## Extracted records
.....

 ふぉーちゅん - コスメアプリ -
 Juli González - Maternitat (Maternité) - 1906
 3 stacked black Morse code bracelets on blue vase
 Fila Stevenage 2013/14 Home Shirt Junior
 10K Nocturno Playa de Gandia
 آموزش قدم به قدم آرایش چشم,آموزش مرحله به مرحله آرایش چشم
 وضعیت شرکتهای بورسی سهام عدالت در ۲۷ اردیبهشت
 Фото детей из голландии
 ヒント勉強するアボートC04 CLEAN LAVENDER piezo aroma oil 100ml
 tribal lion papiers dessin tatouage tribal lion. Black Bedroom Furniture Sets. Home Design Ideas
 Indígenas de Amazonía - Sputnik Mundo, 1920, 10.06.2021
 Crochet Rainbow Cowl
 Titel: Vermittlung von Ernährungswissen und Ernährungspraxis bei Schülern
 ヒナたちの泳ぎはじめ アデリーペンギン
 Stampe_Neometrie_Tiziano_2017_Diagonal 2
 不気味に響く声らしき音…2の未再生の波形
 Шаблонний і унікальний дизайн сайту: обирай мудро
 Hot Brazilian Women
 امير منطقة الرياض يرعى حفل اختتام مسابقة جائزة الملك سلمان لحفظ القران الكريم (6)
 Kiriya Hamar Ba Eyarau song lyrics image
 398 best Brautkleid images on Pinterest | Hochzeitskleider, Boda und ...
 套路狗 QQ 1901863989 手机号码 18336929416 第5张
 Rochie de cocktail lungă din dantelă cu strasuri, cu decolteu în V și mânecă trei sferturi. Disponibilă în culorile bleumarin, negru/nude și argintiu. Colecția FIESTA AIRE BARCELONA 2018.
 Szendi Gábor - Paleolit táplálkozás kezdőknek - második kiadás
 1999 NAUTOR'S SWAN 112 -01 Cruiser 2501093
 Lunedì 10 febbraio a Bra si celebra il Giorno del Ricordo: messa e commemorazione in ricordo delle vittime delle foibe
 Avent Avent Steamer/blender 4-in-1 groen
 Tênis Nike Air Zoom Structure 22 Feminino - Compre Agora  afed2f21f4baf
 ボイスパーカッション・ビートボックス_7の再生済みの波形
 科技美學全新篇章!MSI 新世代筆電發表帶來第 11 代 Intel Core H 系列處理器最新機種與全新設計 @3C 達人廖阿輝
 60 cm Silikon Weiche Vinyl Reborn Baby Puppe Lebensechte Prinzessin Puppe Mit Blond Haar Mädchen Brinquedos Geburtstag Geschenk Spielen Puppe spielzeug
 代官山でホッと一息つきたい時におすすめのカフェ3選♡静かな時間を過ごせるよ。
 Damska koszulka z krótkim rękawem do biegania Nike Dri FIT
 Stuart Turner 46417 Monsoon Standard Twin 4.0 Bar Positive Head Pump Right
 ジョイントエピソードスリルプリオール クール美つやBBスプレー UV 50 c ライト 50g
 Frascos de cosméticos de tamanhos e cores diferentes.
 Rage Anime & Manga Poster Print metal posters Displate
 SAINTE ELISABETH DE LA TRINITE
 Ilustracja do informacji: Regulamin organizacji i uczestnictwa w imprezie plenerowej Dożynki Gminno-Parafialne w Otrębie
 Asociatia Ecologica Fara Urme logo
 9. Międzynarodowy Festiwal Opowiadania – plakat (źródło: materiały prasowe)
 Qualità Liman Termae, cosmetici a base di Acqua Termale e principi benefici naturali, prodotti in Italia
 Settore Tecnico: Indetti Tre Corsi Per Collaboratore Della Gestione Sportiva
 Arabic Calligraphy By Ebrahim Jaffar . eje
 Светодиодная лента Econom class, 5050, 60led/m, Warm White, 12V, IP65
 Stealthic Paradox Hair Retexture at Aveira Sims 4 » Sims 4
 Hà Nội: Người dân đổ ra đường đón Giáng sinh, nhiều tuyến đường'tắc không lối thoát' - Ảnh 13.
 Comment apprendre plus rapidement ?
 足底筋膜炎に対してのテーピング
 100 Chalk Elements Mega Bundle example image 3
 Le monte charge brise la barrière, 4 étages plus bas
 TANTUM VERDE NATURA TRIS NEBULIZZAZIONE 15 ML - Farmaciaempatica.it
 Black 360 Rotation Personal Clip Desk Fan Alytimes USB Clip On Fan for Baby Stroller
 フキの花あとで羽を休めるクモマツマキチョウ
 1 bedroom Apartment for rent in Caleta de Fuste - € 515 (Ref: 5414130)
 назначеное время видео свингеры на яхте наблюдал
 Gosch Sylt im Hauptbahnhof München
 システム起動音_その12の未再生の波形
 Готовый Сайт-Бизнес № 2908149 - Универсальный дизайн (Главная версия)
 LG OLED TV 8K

.....

## What you are asked to do
Set out, exactly as written, the lines from the line with "Готовый Сайт-Бизнес №" to the last line of the records, inclusive, and only those lines.

## Answer for this exercise
 Готовый Сайт-Бизнес № 2908149 - Универсальный дизайн (Главная версия)
 LG OLED TV 8K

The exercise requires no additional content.